> [Your task]: From the line with "TELOGLÍA Células de" to the line with "Vol en parapente", retype every line exactly, including those two, and leave out the rest of the data below.

> [Input records]:

------------------------------------------------------------------------

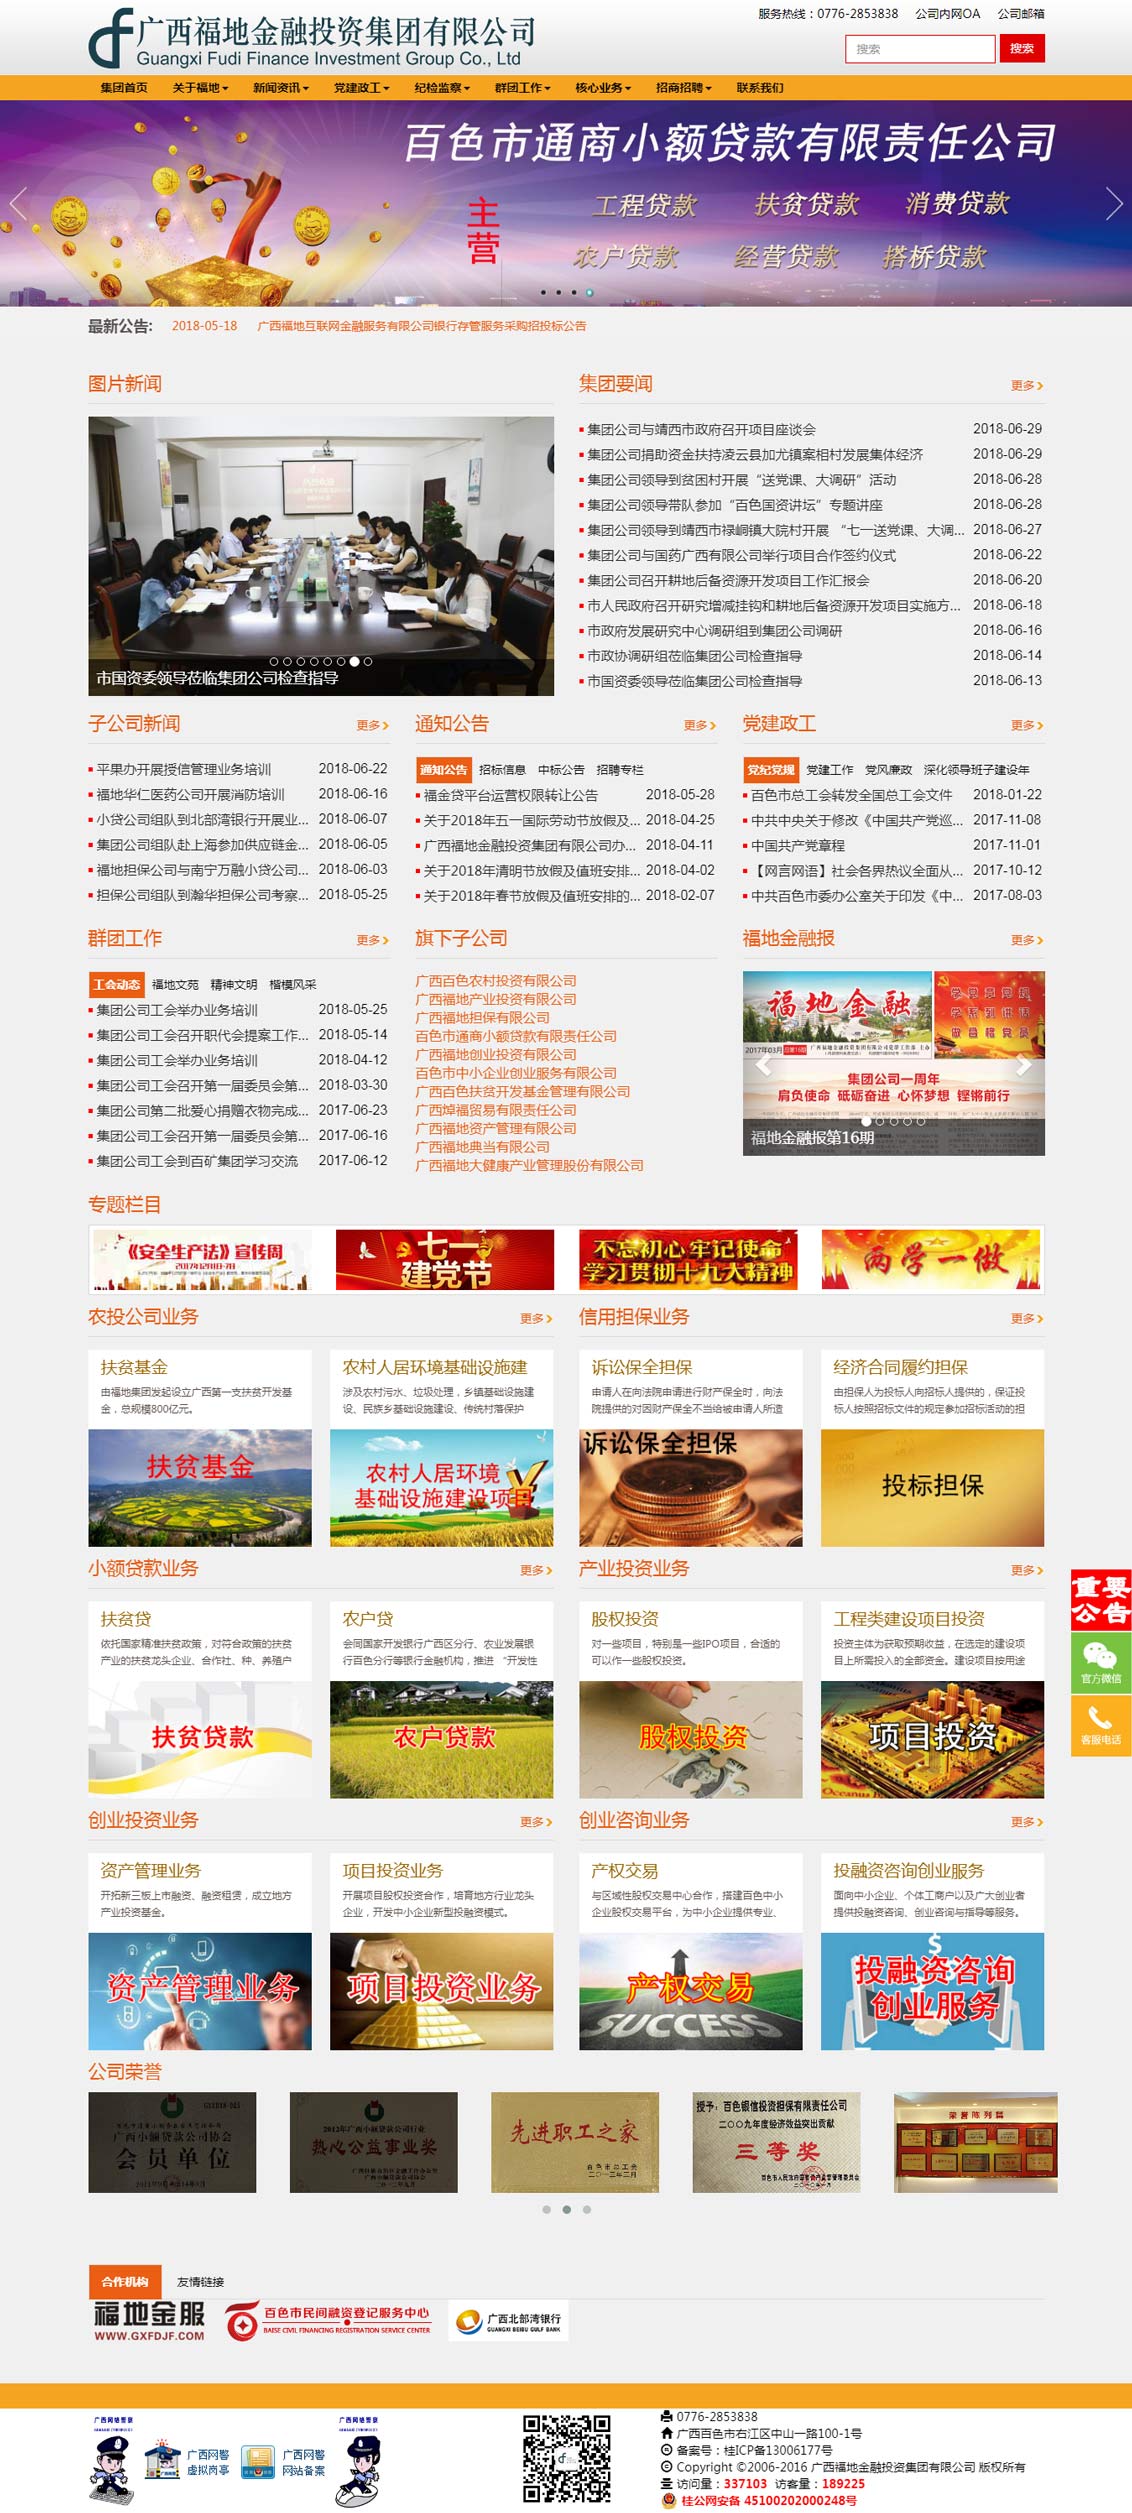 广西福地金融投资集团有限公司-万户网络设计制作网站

------------------------------------------------------------------------

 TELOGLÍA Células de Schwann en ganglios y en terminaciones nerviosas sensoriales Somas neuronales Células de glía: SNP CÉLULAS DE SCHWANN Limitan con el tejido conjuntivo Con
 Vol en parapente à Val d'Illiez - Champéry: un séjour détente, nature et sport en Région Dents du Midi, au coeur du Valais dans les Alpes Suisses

------------------------------------------------------------------------

> [Written response]:
 TELOGLÍA Células de Schwann en ganglios y en terminaciones nerviosas sensoriales Somas neuronales Células de glía: SNP CÉLULAS DE SCHWANN Limitan con el tejido conjuntivo Con
 Vol en parapente à Val d'Illiez - Champéry: un séjour détente, nature et sport en Région Dents du Midi, au coeur du Valais dans les Alpes Suisses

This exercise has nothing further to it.